Stored data below:

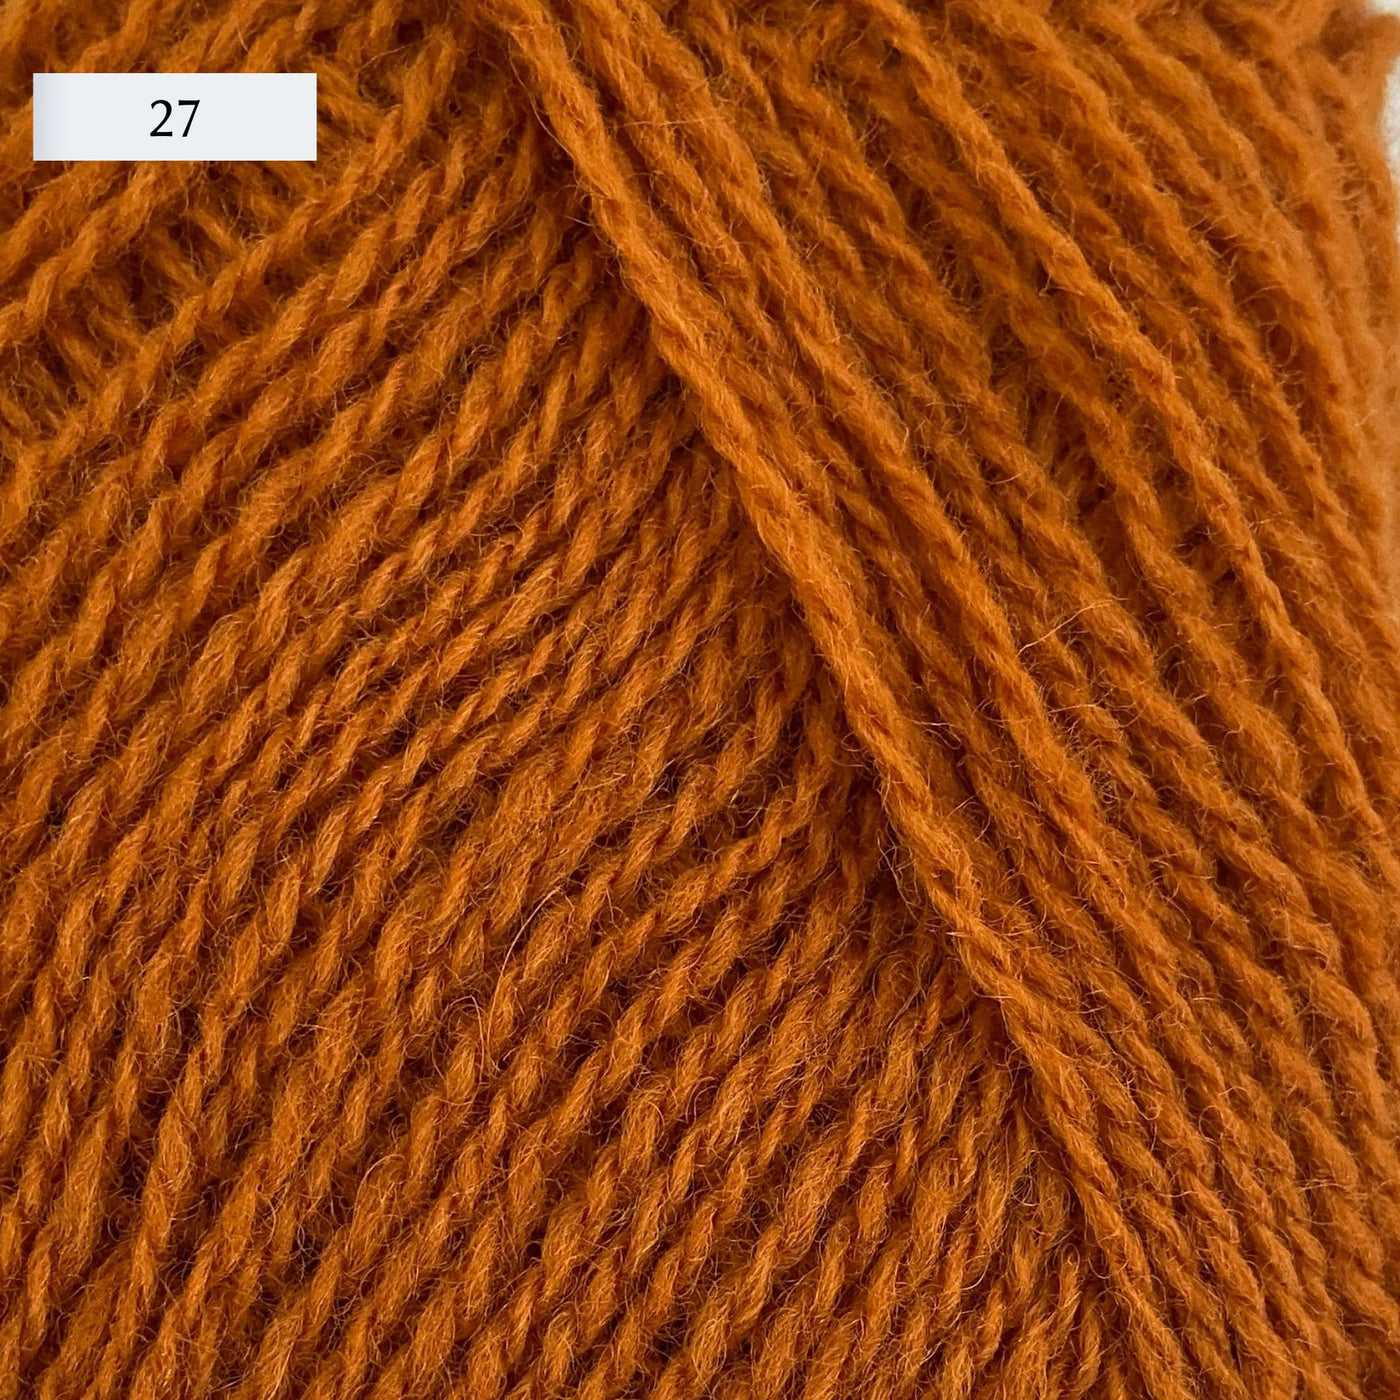 Rauma Lamullgarn, a fingering weight yarn, in color 27, a medium burnt orange
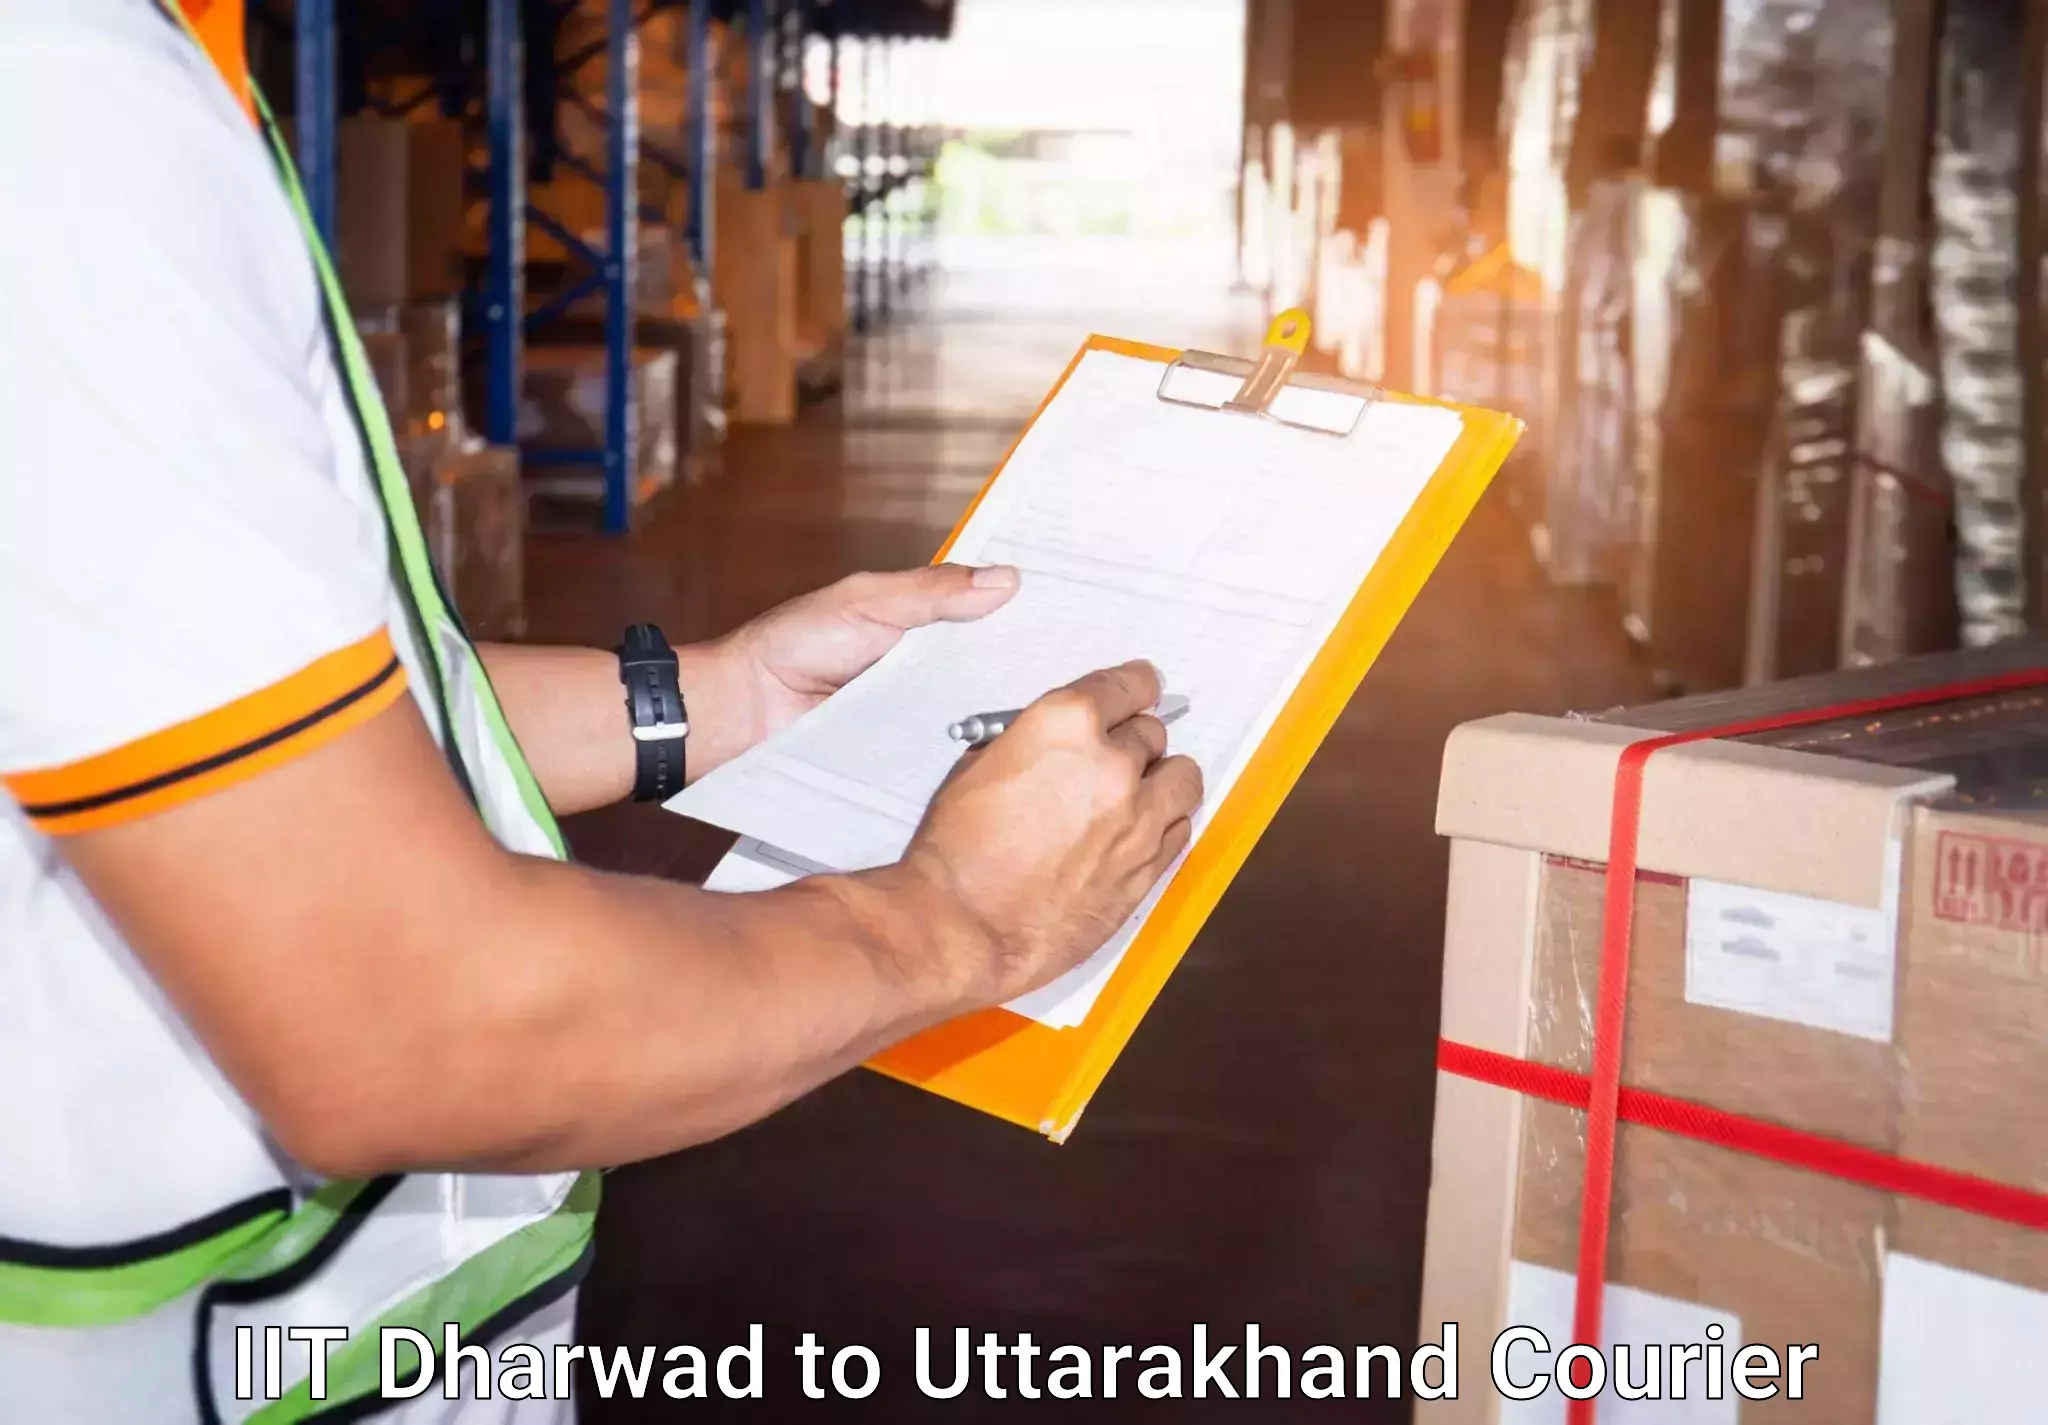 Luggage shipping options IIT Dharwad to IIT Roorkee
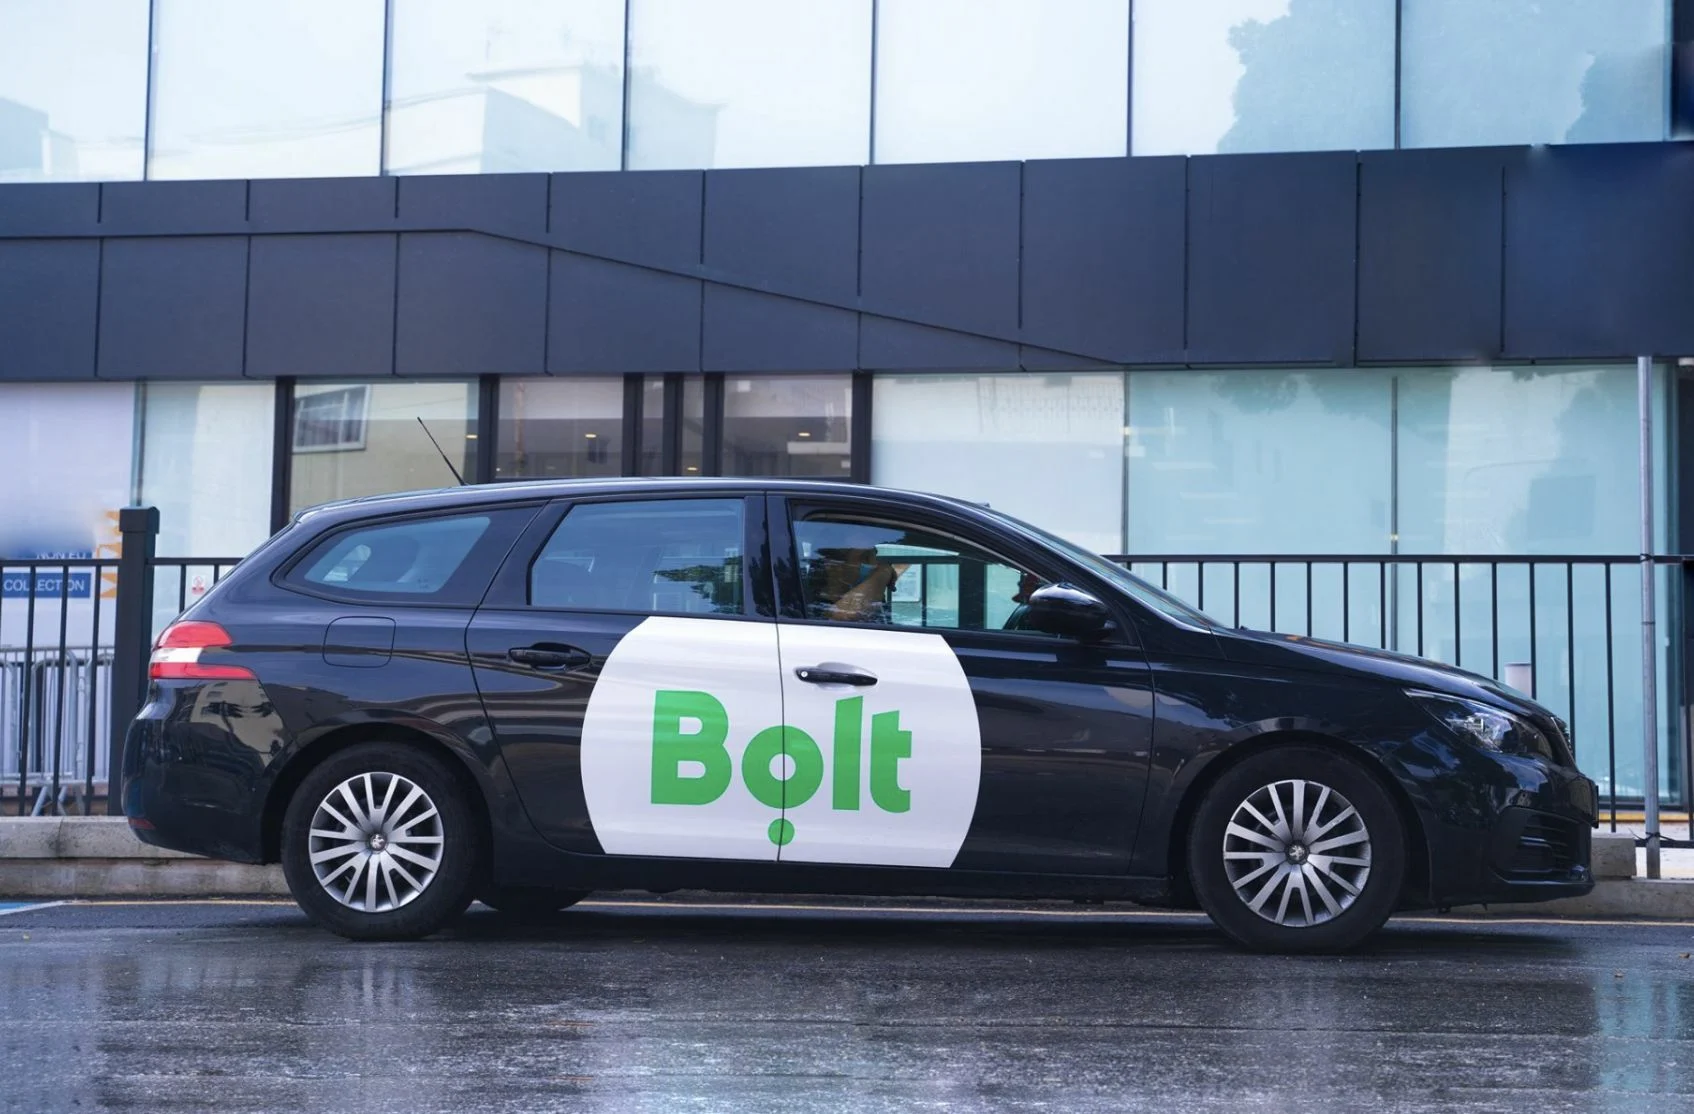 Voiture noire avec logo Bolt garée en ville

End of Stored data.

● **Work to complete**
When copying, output the data exactly and leave out the pictures.

● **Written solution**
 Rauma Lamullgarn, a fingering weight yarn, in color 27, a medium burnt orange
 Luggage shipping options IIT Dharwad to IIT Roorkee
 Voiture noire avec logo Bolt garée en ville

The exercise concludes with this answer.